| Work instructions |
Once the pictures are removed, restate the data below word for word.

Data extract: Begin

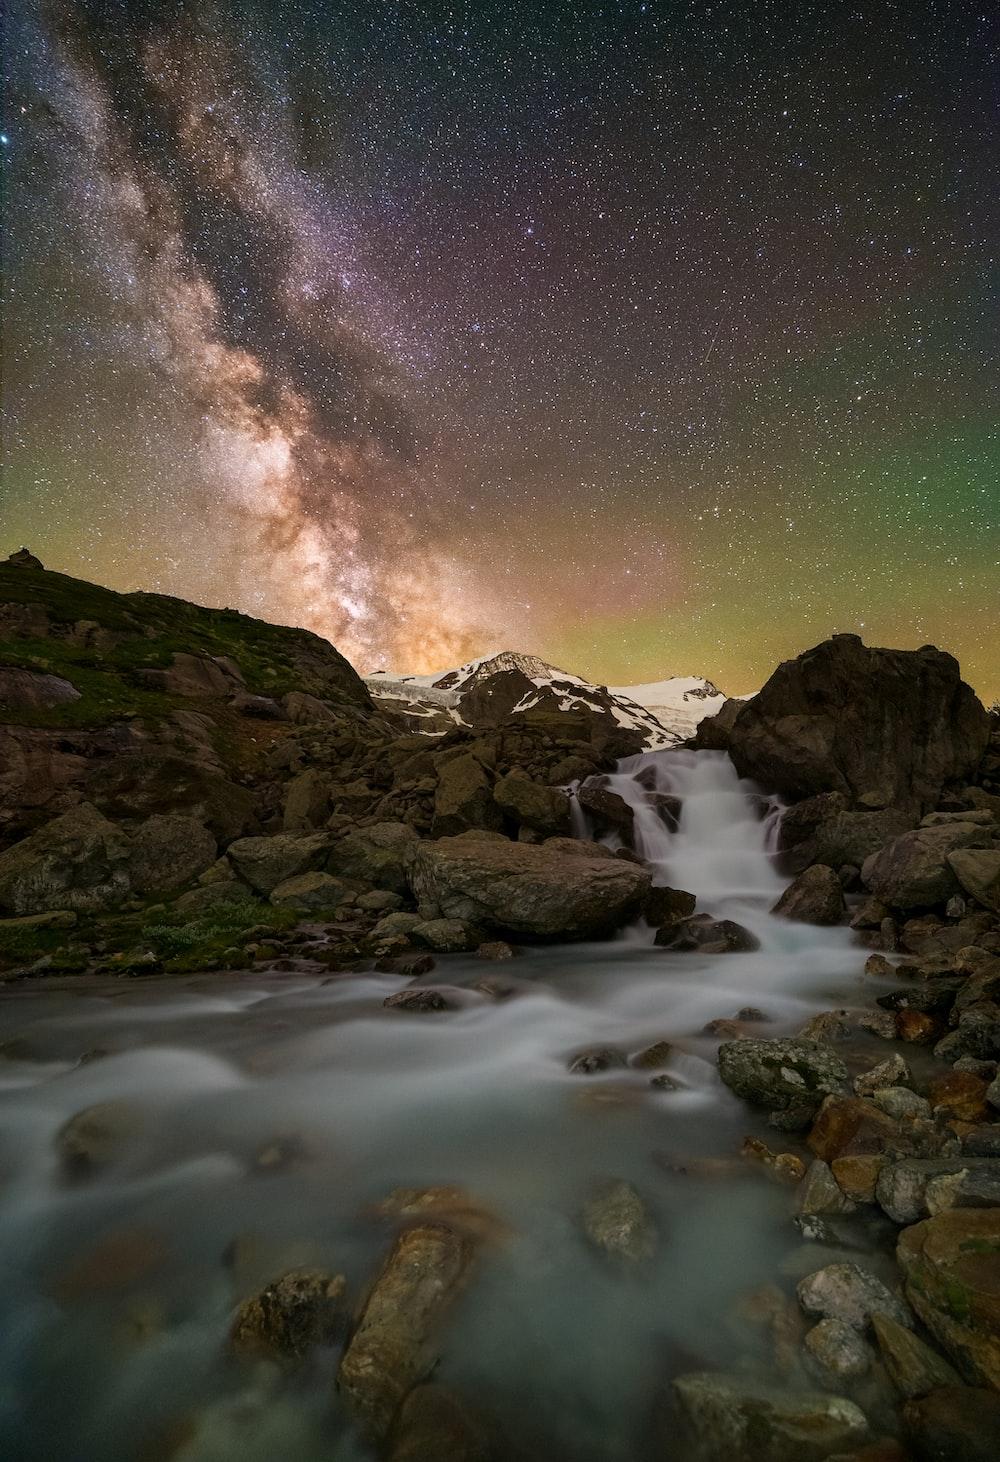 rocky mountain near body of water under starry night
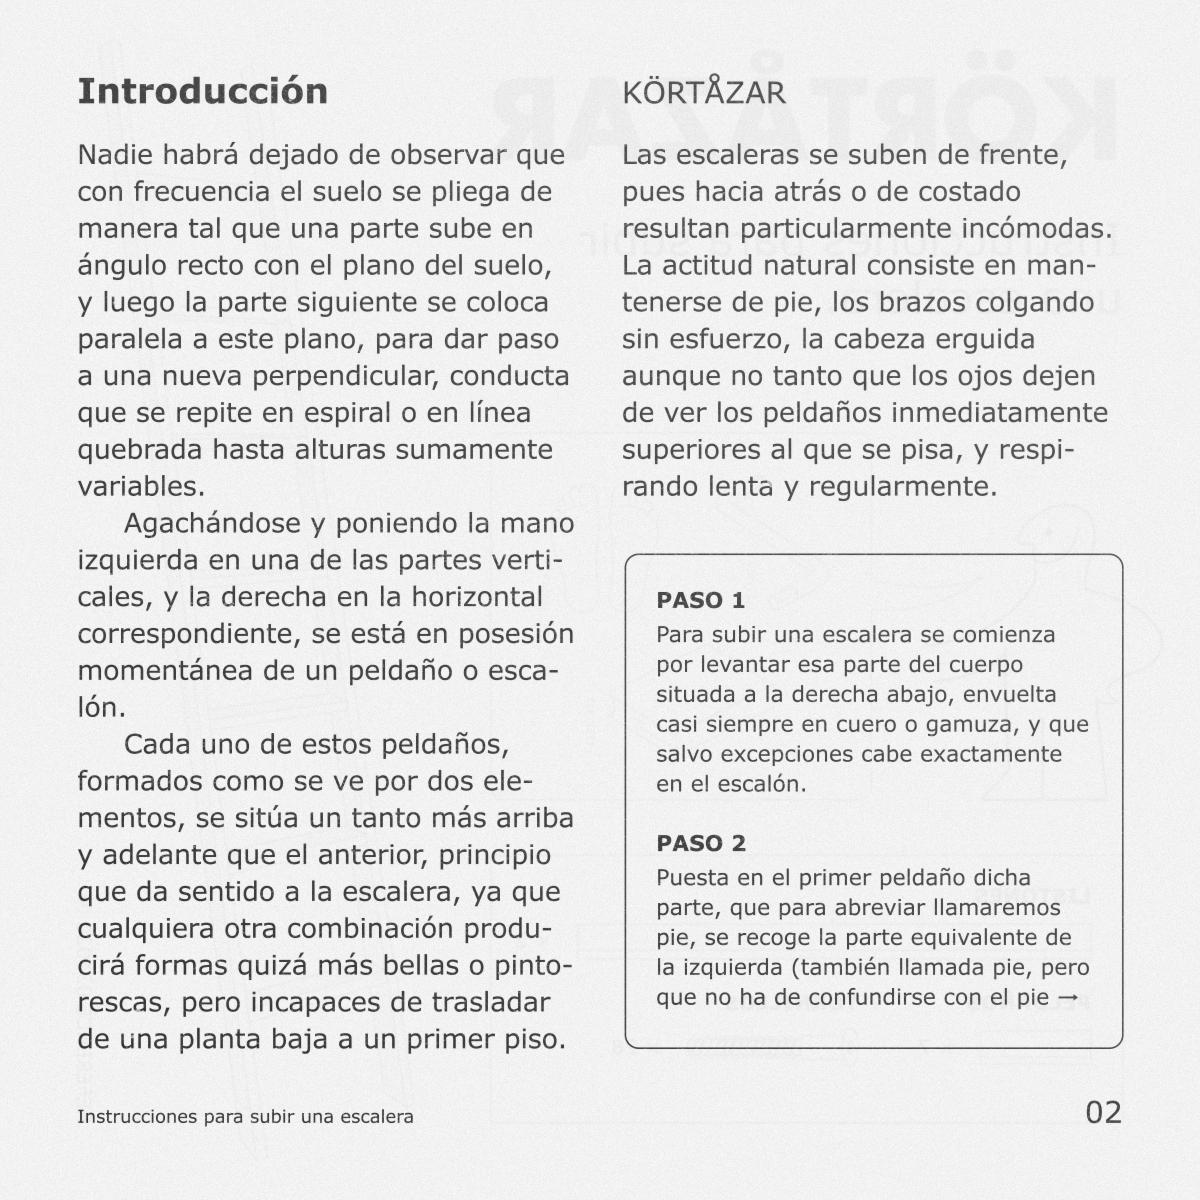 Kortazar_Post_MateoBuitrago-02
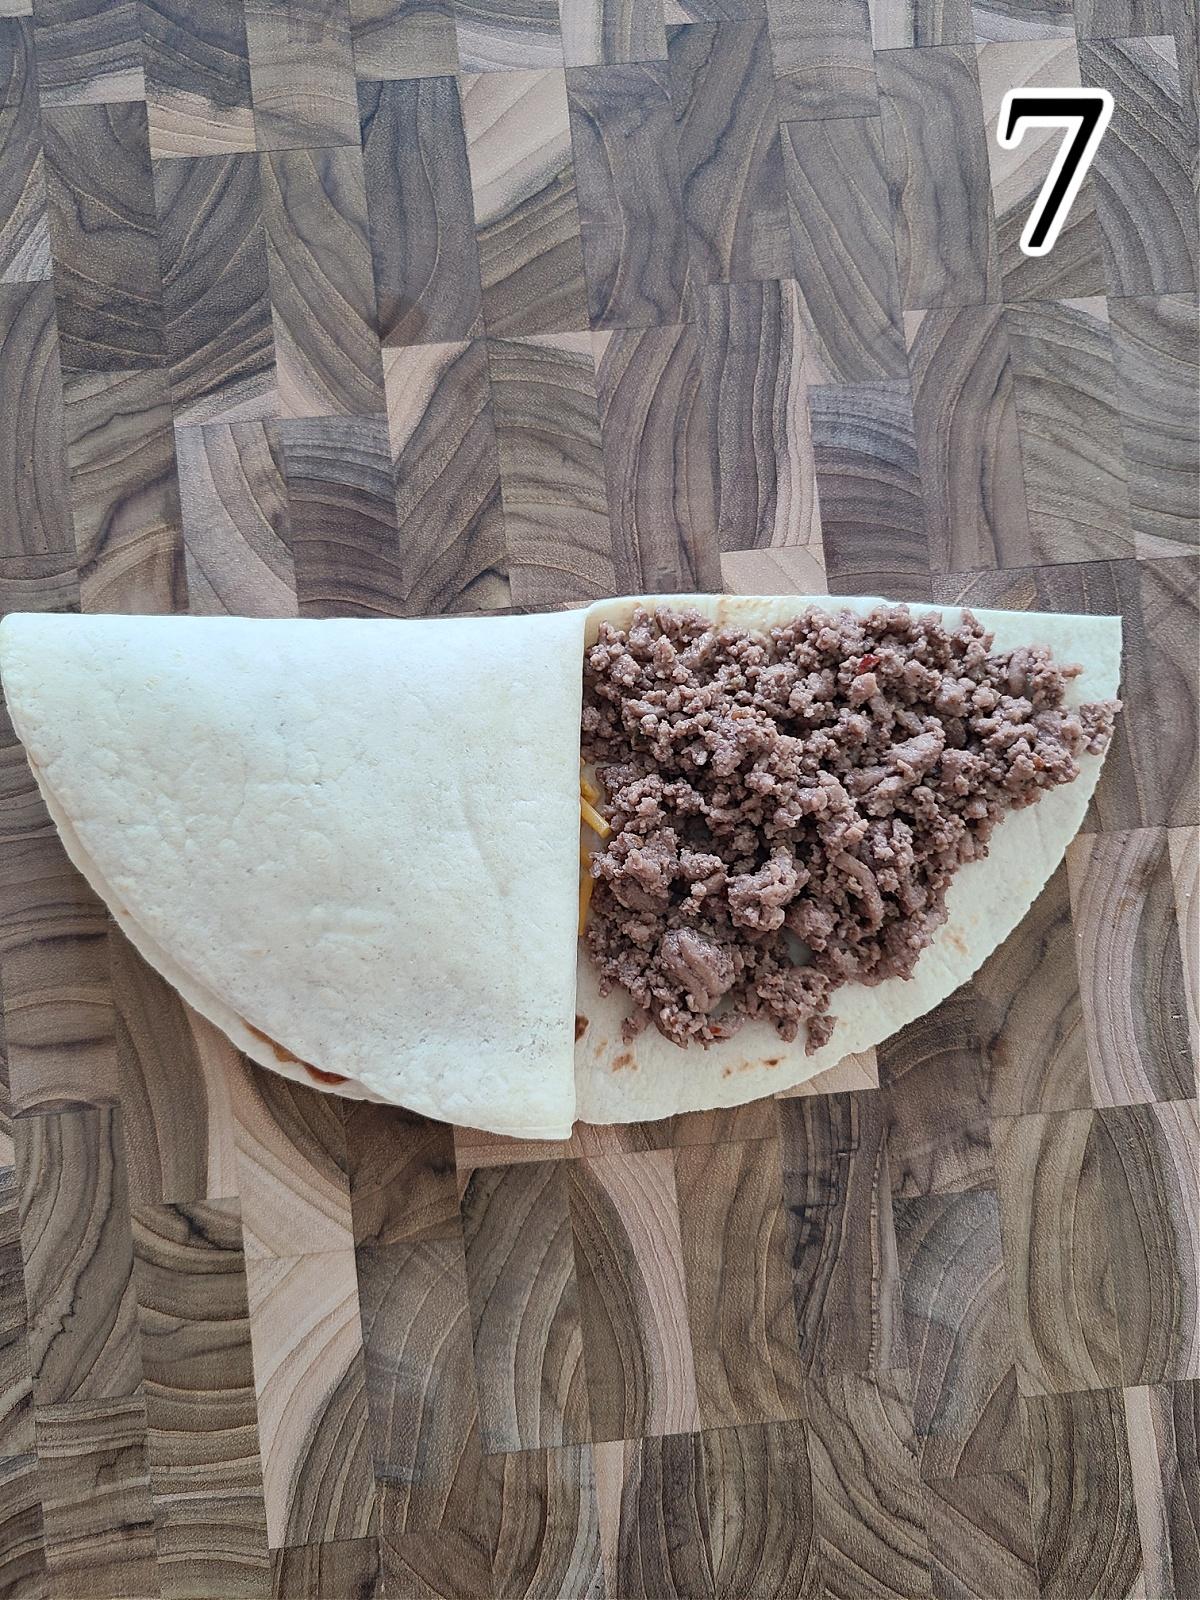 Step by Step TikTok Tortilla Wrap Instructions
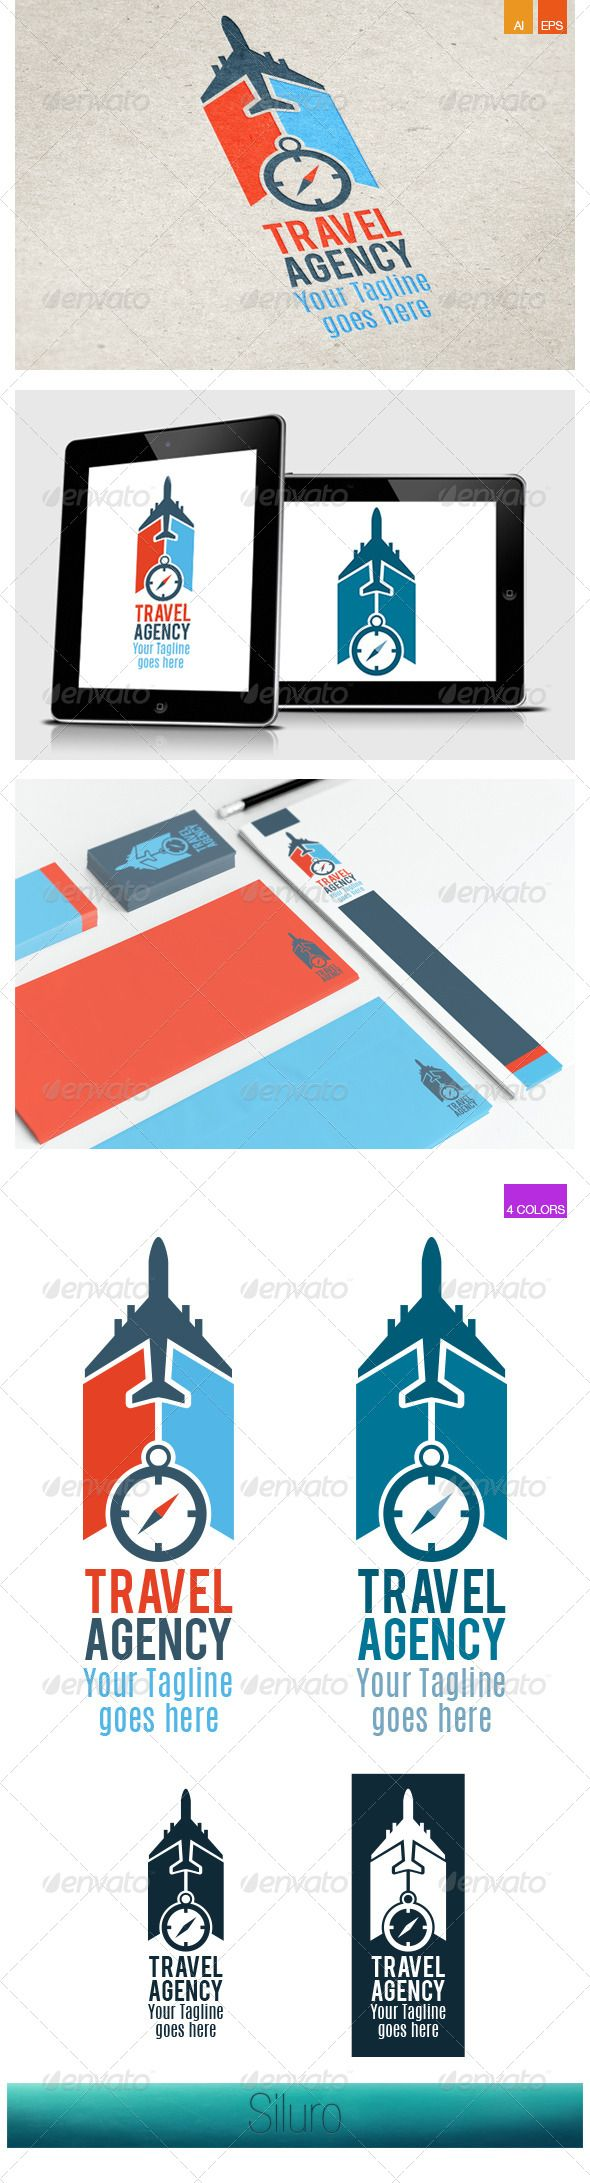 Travel Agency V1 Logo #graphicriver
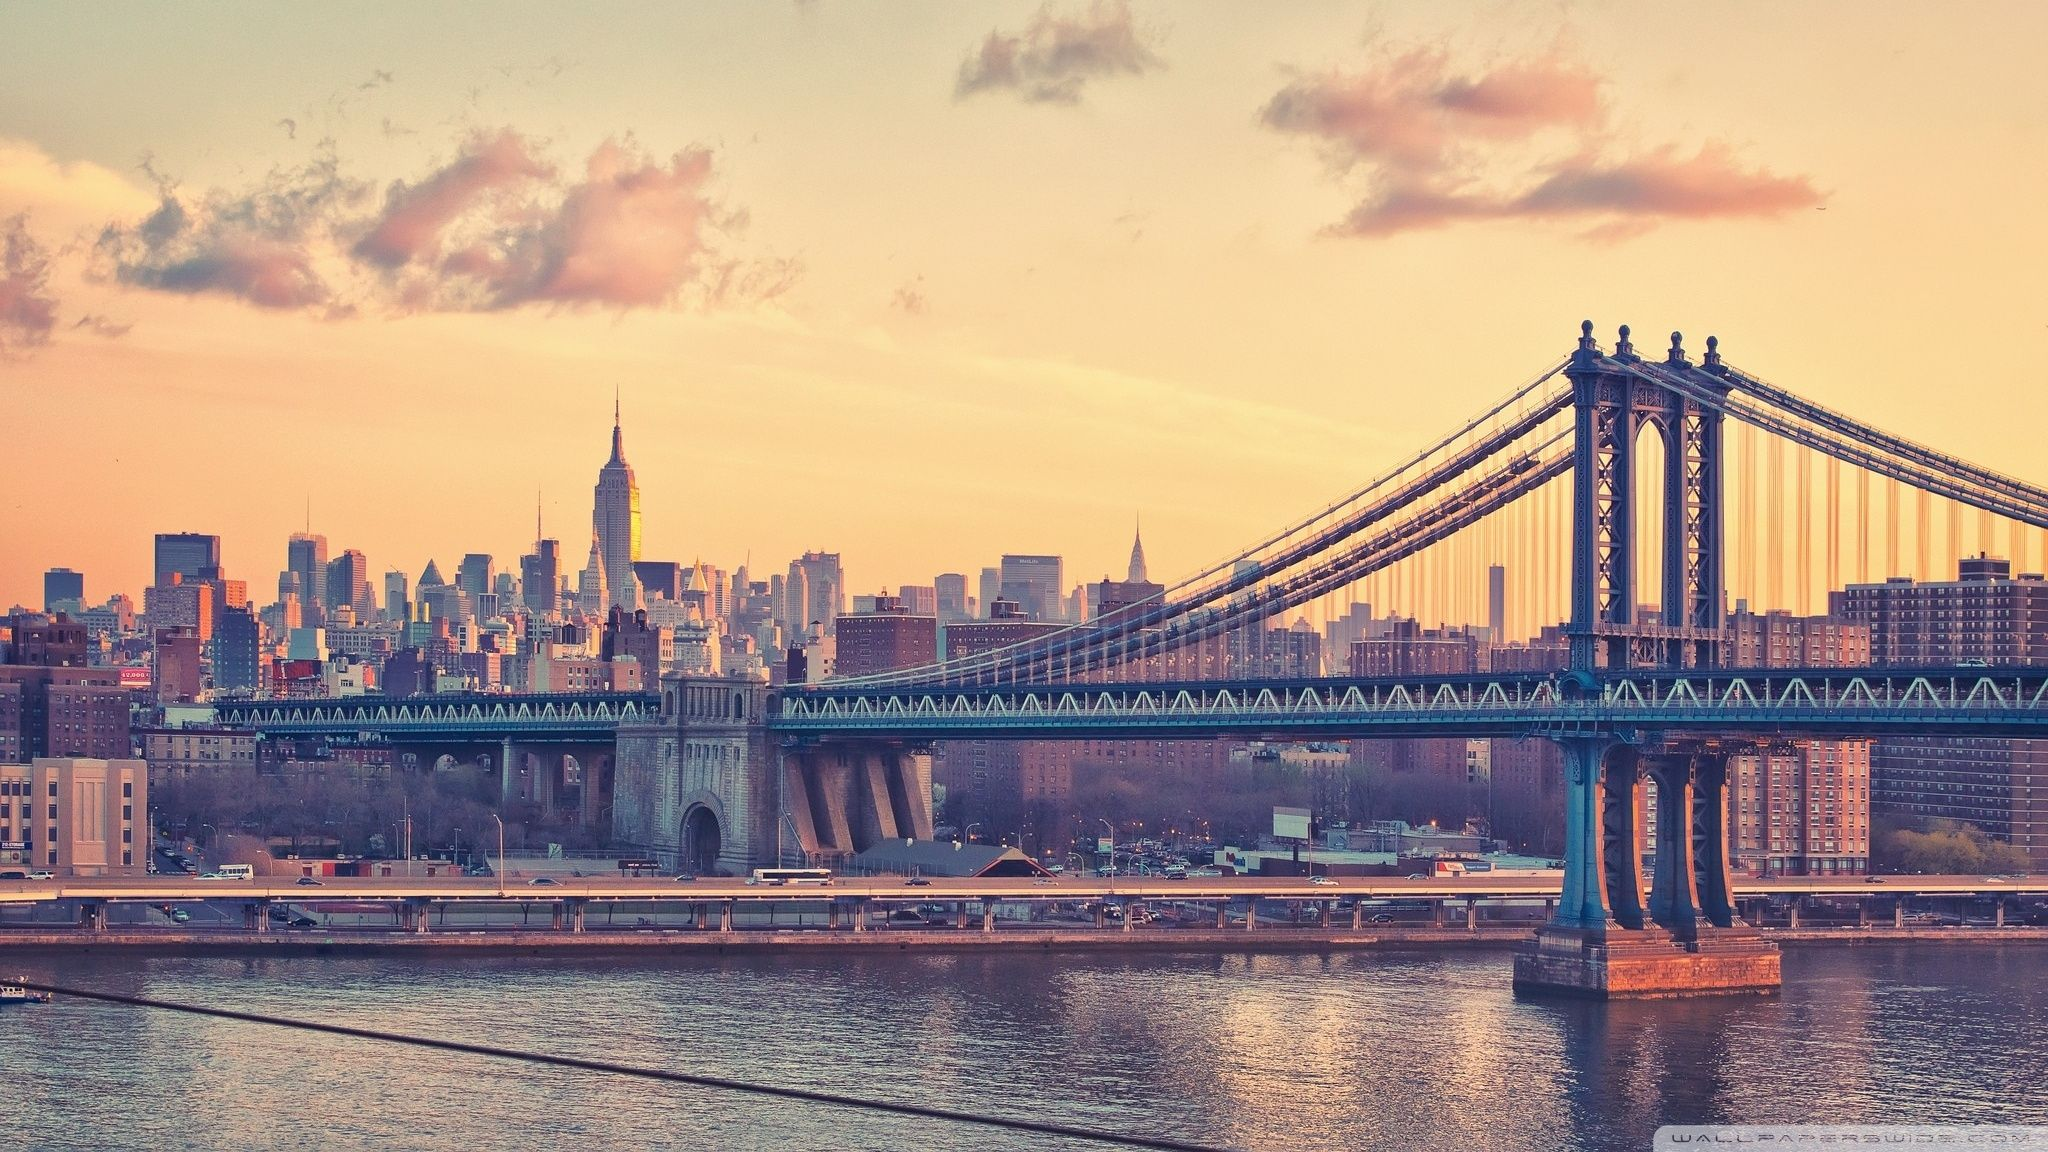 New York City Brooklyn Bridge Let Like Follow Repin It If U Love New York Wallpaper City Wallpaper Bridge Wallpaper

Data extract: End

| Expected answer |
 rocky mountain near body of water under starry night
 Kortazar_Post_MateoBuitrago-02
 Step by Step TikTok Tortilla Wrap Instructions
 Travel Agency V1 Logo #graphicriver
 New York City Brooklyn Bridge Let Like Follow Repin It If U Love New York Wallpaper City Wallpaper Bridge Wallpaper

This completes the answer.